Honest verdict: Arroyo can do the data-flow plumbing for this workload (windowing, partitioning, joining), but it cannot express the pattern without dropping into Rust. For sequence detection, Varpulis is in a different category, not just a different syntax.
Workload 4: MITRE ATT&CK kill chain (cmd.exe → powershell with parent_pid match → network connect within 10 min, partition by host)
The security-flavored version of Workload 3, with the extra wrinkle of cross-event field correlation (powershell's parent_pid must equal the captured cmd.exe's pid).
Varpulis — VPL
pattern PsExecKillChain =
ProcessCreate where image contains "cmd.exe" as cmd ->
ProcessCreate where image contains "powershell.exe"
and parent_pid == cmd.pid as ps ->
NetworkConnect where dest_port in [445, 139] and host == cmd.host as net
within 10m
partition by host
stream APT = use pattern PsExecKillChain
.emit(
alert_type: "PSEXEC_KILL_CHAIN",
host: cmd.host,
cmd_pid: cmd.pid,
ps_pid: ps.pid,
target_port: net.dest_port,
technique: "T1021.002"
)Arroyo — same Rust UDAF problem as Workload 3, plus a self-join headache
The cross-event correlation (parent_pid == cmd.pid) is theoretically expressible as a three-way windowed self-join over the same event stream, but:
- All three sub-queries must wrap the source in the same tumble (loses correctness at window boundaries)
- Or you use updating joins (correct but unbounded state until TTL, and you still cannot enforce ordering)
- A correct implementation requires a Rust UDAF
For a security team maintaining a catalog of MITRE ATT&CK detection rules, the practical difference is that Varpulis lets you write the rule and Arroyo makes you write a Rust plugin per rule. For one or two rules, the Rust path is fine. For 200 rules, it's an operational dead end.
Architecture Differences
Varpulis
- Single Rust binary, ~15 MB. No JVM, no Postgres, no external metadata store. Run from a laptop or as a container, scale out via the built-in Coordinator/Workers cluster mode.

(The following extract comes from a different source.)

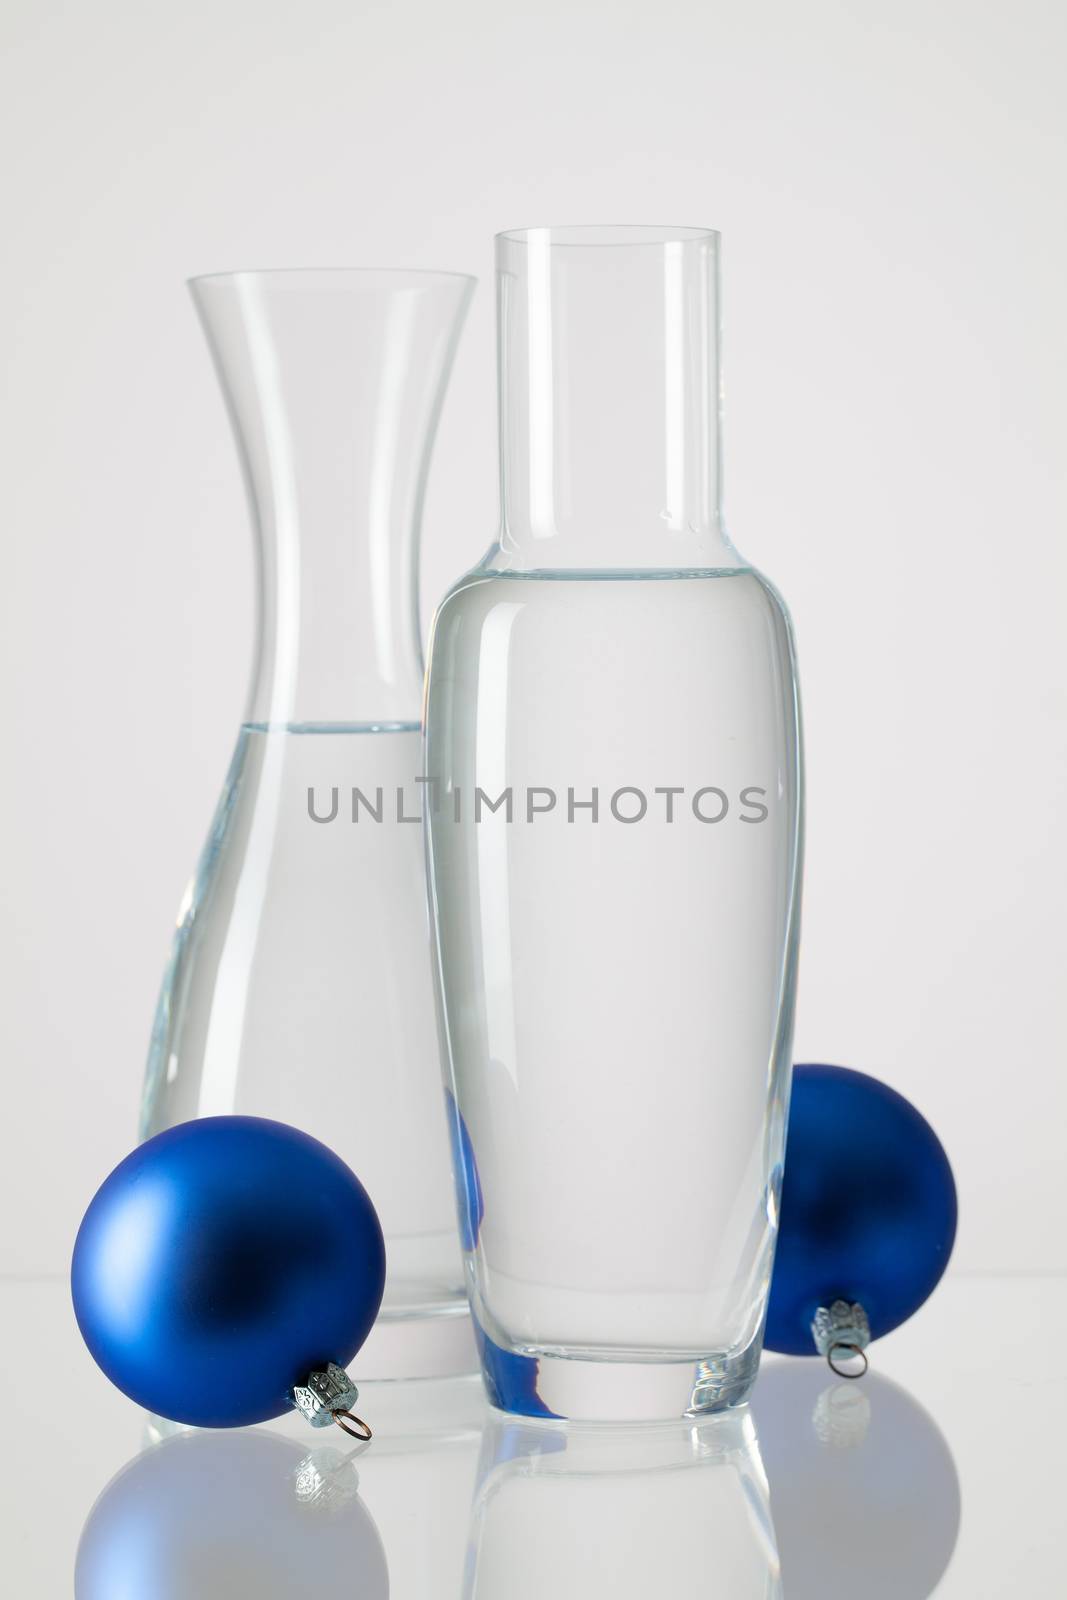 Two vases with clean water and Christmas decoration on a glass table

- SASE+ NFA pattern engine. Sequences, Kleene closures, negation, partition_by, and temporal windows are first-class. Multi-query optimisation via Hamlet graphlet sharing (SIGMOD 2021) when running many concurrent patterns.
- Forecasting built in.
.forecast()uses Probabilistic Suffix Trees + Hawkes process intensity to predict pattern completion before the final event arrives. - Hybrid row/columnar execution. Apache Arrow for vectorised aggregation paths, row-oriented for SASE+ pattern matching. The engine picks per operator based on batch size.
- State backends: in-memory, RocksDB, S3 (object-storage checkpoints with optional zstd compression).
- Async checkpoint barriers (Chandy-Lamport), exactly-once sink delivery (Kafka 2PC), dynamic rescaling.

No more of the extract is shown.